# Where to buy IPL cricket tickets



## xxxxxxxxxxxxxxxxxStewartC (Mar 3, 2012)

The IPL cricket starts in UAE on 16 April. Does anyone know how/where to buy tickets please as I have seen no announcements.


----------



## rsinner (Feb 3, 2009)

Seems like it will start tomorrow
Indian Premier League 7 tickets to go on sale online April 3: prices, availability information | The National


----------



## Stevesolar (Dec 21, 2012)

StewartC said:


> The IPL cricket starts in UAE on 16 April. Does anyone know how/where to buy tickets please as I have seen no announcements.


Hi,
Apparently they will be available from Lulu stores - although I don't know which ones. 
Favourites would be the big one in Karama and the big one behind Pan Emirates in Al Barsha.
Also will be available from Dubai cricket stadium box office.
Cheers
Steve


----------



## xxxxxxxxxxxxxxxxxStewartC (Mar 3, 2012)

Brilliant. Thanks, chaps.


----------



## LesFroggitts (Dec 30, 2013)

I've got a couple of underground parking spaces within walking distance of the cricket ground - wonder what the going rate is for parking 

Suggestions for additional services I might offer would be gratefully received.


----------



## Stevesolar (Dec 21, 2012)

LesFroggitts said:


> I've got a couple of underground parking spaces within walking distance of the cricket ground - wonder what the going rate is for parking
> 
> Suggestions for additional services I might offer would be gratefully received.


Car wash mister?


----------



## LesFroggitts (Dec 30, 2013)

Stevesolar said:


> Car wash mister?


But then I'd end up with wrinkly fingers - the rest of me is wrinkly enough thanks.


----------



## rsinner (Feb 3, 2009)

I haven't ever watched a cricket match in UAE - any idea if it would be a dry affair? Would influence my decision to drive or not.


----------



## LesFroggitts (Dec 30, 2013)

No mention about it being dry or not in the seating areas, however they do mention F&B outlets in their online brochure.

Personally, I would be surprised if they did allow the general seating areas to be 'wet' as it could cause problems (shame though).


----------



## Raziasheikh (Apr 3, 2014)

You can buy IPL Ticket from IPL Official Site.


----------



## ash_ak (Jan 22, 2011)

Cricket matches in dubai in the past have not been dry, so doubt this will be dry, they sell alcohol. Sharjah will be dry fyi.


----------



## LesFroggitts (Dec 30, 2013)

ash_ak said:


> Cricket matches in dubai in the past have not been dry, so doubt this will be dry, they sell alcohol. Sharjah will be dry fyi.

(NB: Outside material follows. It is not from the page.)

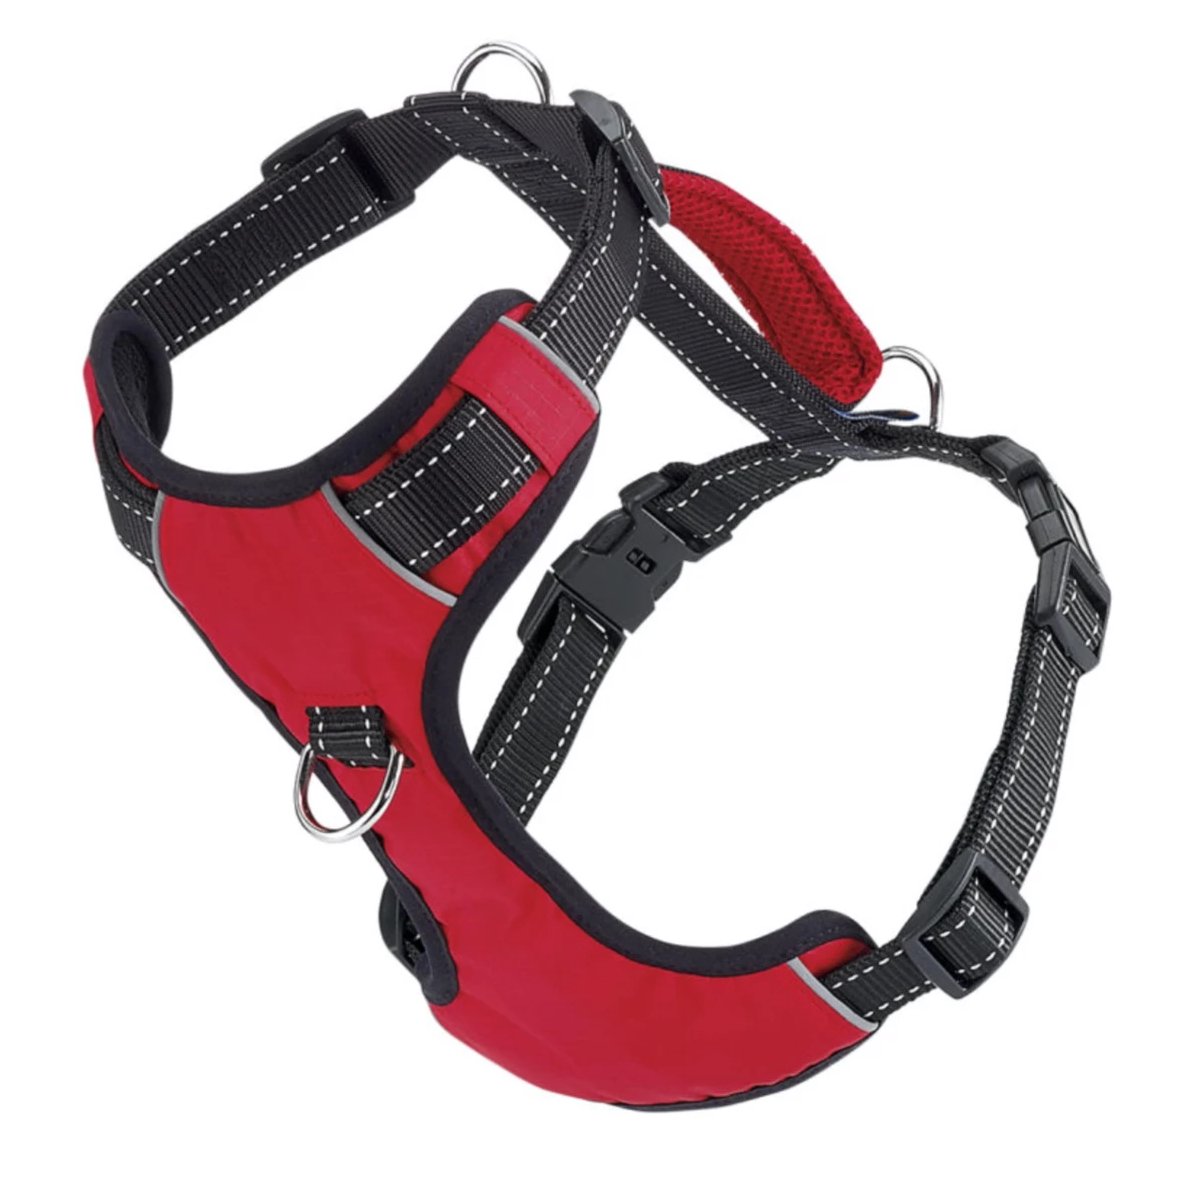 Chesapeake bay dog harness in red

It just gets better and better... :clap2::clap2::clap2:


----------



## xxxxxxxxxxxxxxxxxStewartC (Mar 3, 2012)

Book a taxi, Les.


----------



## rsinner (Feb 3, 2009)

ash_ak said:


> Cricket matches in dubai in the past have not been dry, so doubt this will be dry, they sell alcohol. Sharjah will be dry fyi.


Any idea about AD? Anyways, not a major issue but adds to the fun.


----------



## xxxxxxxxxxxxxxxxxStewartC (Mar 3, 2012)

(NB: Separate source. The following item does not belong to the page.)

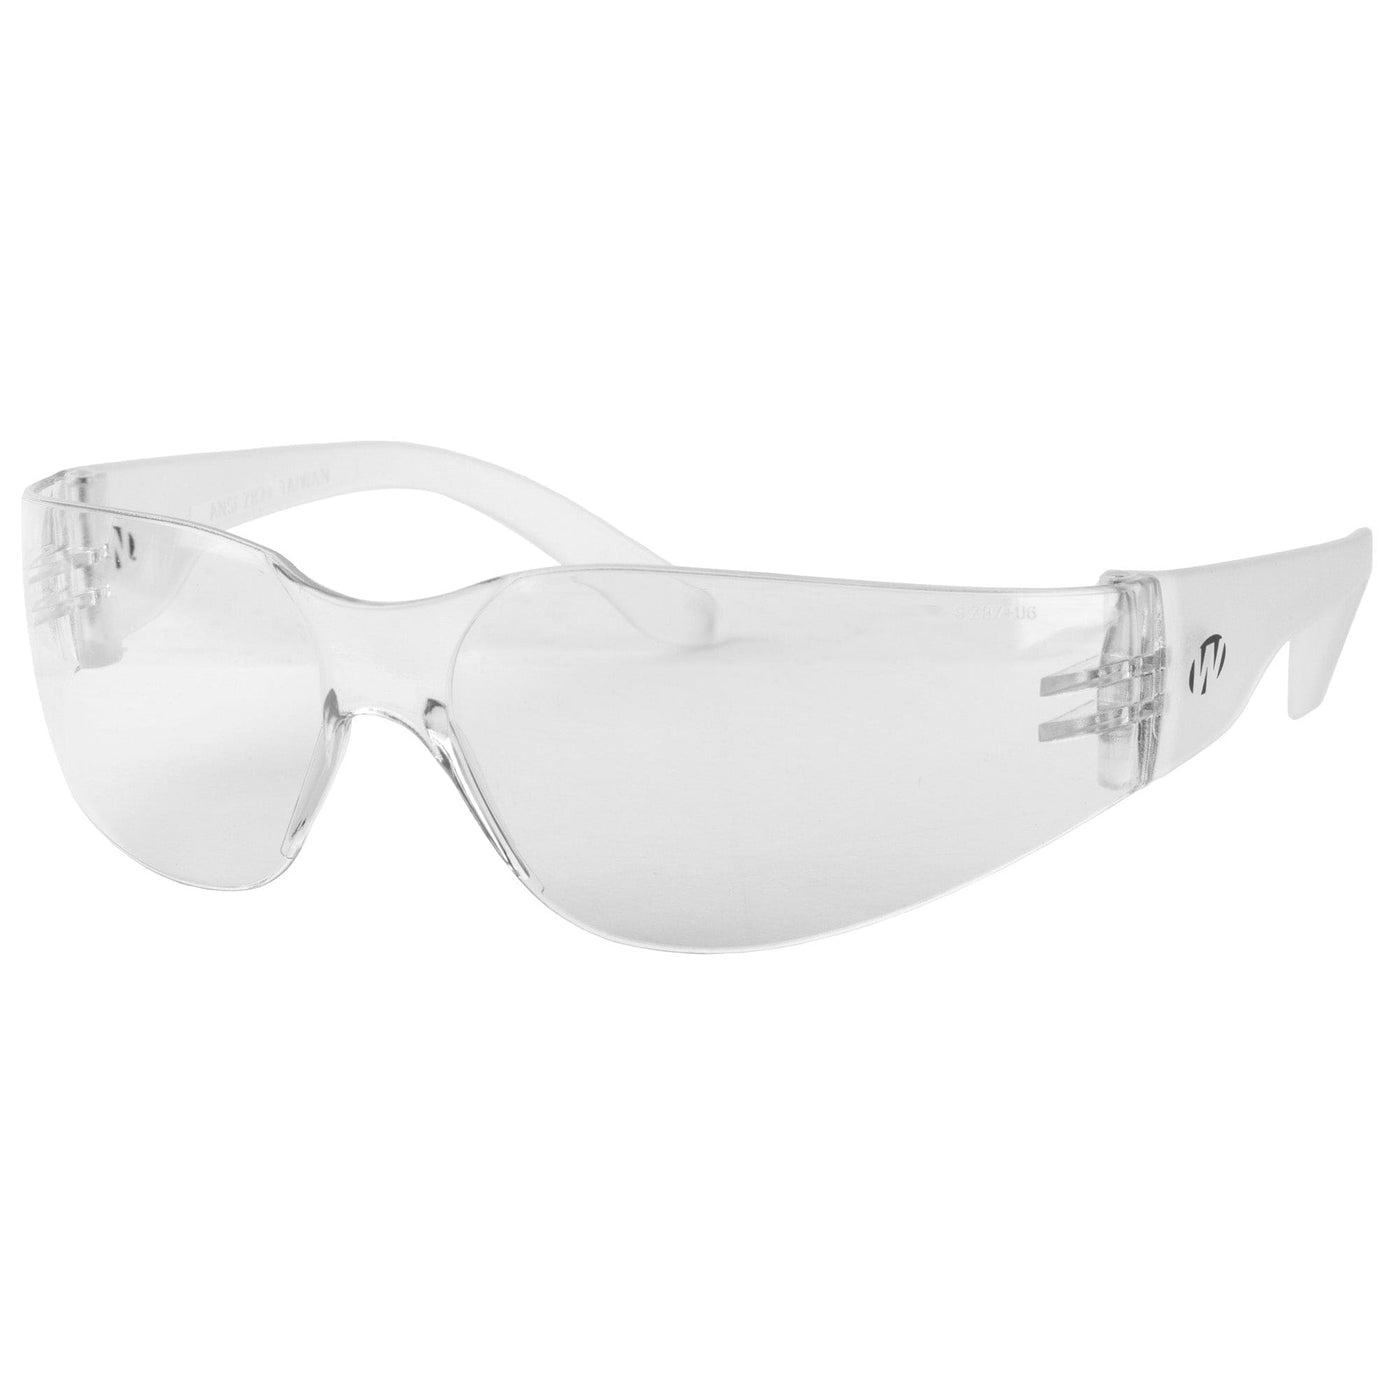 Walker's Walker's Wrap Sprt Glasses Clr Safety/Protection

Either ALL of the premium seats for the first Dubai double-header have sold out in a few hours or the website isn't working proprerly. Who would have thought it?


----------



## rsinner (Feb 3, 2009)

Sold out it seems - called up Ticketmaster. Or maybe there were very few seats to begin with, the rest going to sponsors etc. 
Cheaper seats are available though (in AD).
Apparently cricket is popular in UAE  (though this strictly not really cricket)


----------



## xxxxxxxxxxxxxxxxxStewartC (Mar 3, 2012)

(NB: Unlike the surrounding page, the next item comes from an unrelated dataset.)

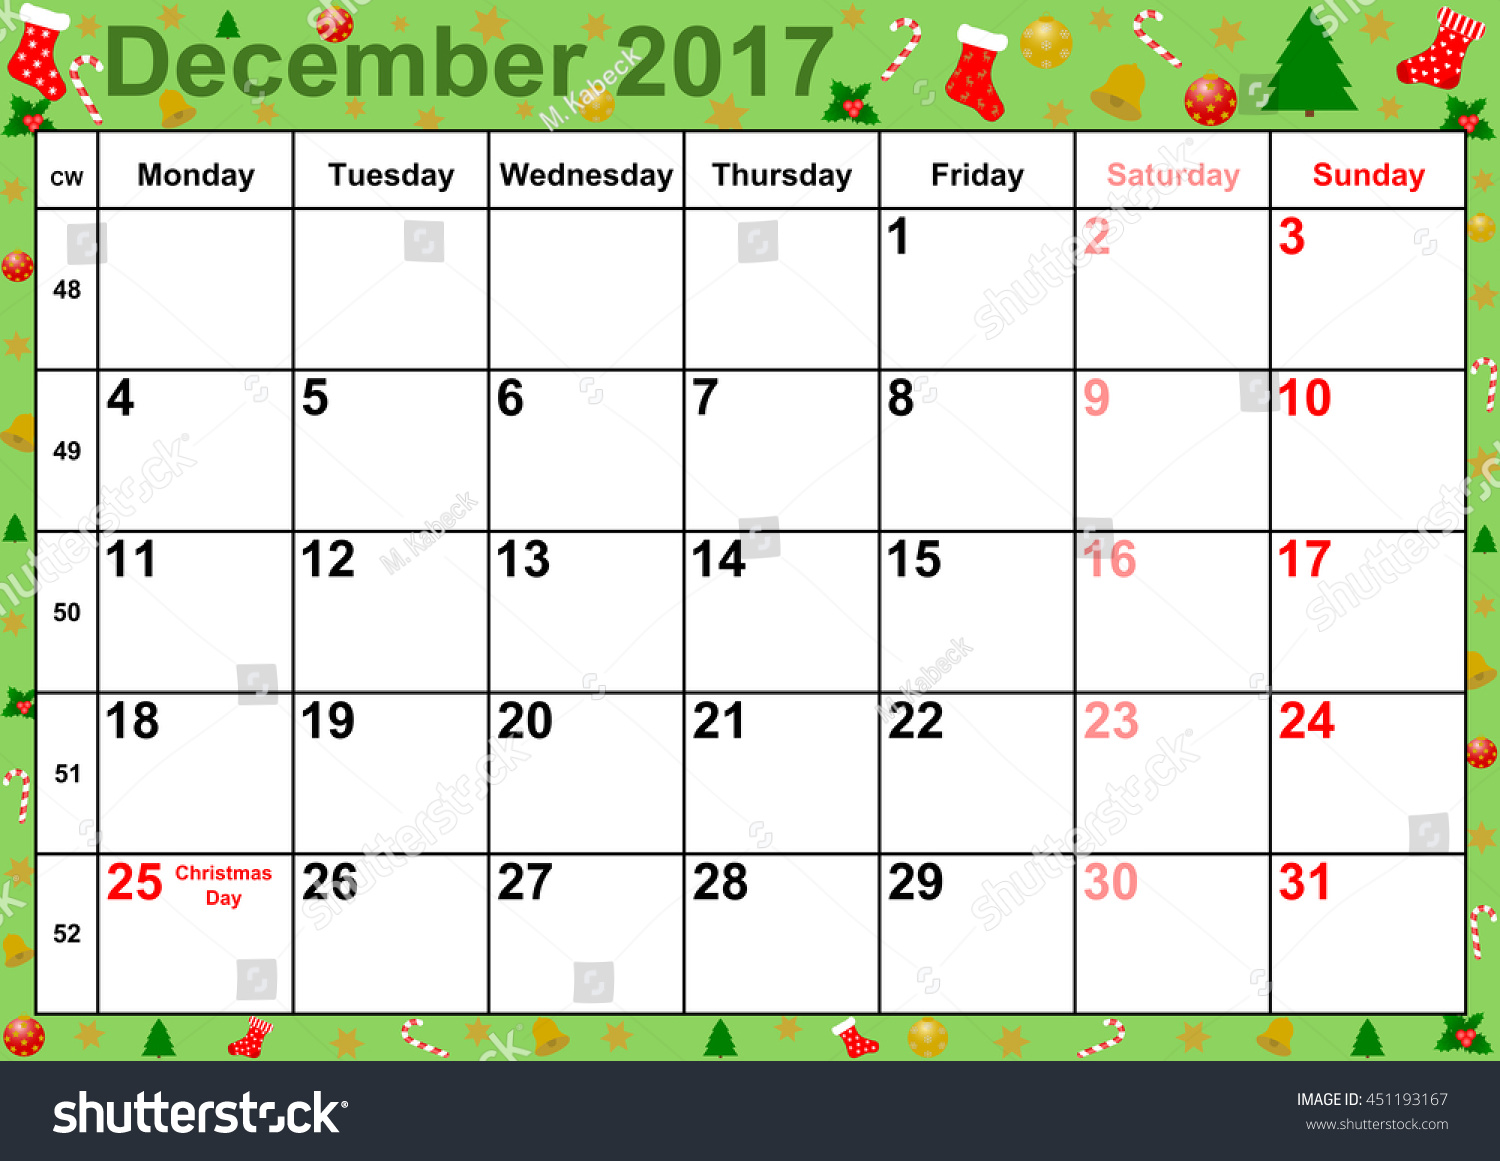 december-2017-calendar-printable-calendars

There's hardly ever anything worthwile to do or see here, and when there is the organisers screw it up. Couldn't get through on the phone and no replies to the helpline email. You just know those nice seats will be empty on the day too. I'll just have to give it a miss. Still, only five more years to go here.


----------



## plckid (Jul 25, 2013)

Stevesolar said:


> Hi,
> Apparently they will be available from Lulu stores - although I don't know which ones.
> Favourites would be the big one in Karama and the big one behind Pan Emirates in Al Barsha.
> Also will be available from Dubai cricket stadium box office.
> ...



Went to Lulu Quasis near Stadium Metro Station. Tickets will be sold from 6th there.


----------



## mountebank (Mar 17, 2014)

Anyone going to the opener tomorrow? I need to get from Dubai to AD somehow, I have no car


----------



## plckid (Jul 25, 2013)

mountebank said:


> Anyone going to the opener tomorrow? I need to get from Dubai to AD somehow, I have no car


Dubizzle Dubai | Car Lift: IPL TRANSPORTATION

Dubizzle Dubai | Car Lift: IPL Cricket Car Lift

Dubizzle Dubai | Sports: TRANSPORTATION FOR IPL MATCHES


----------



## mountebank (Mar 17, 2014)

Nice one, thank you


----------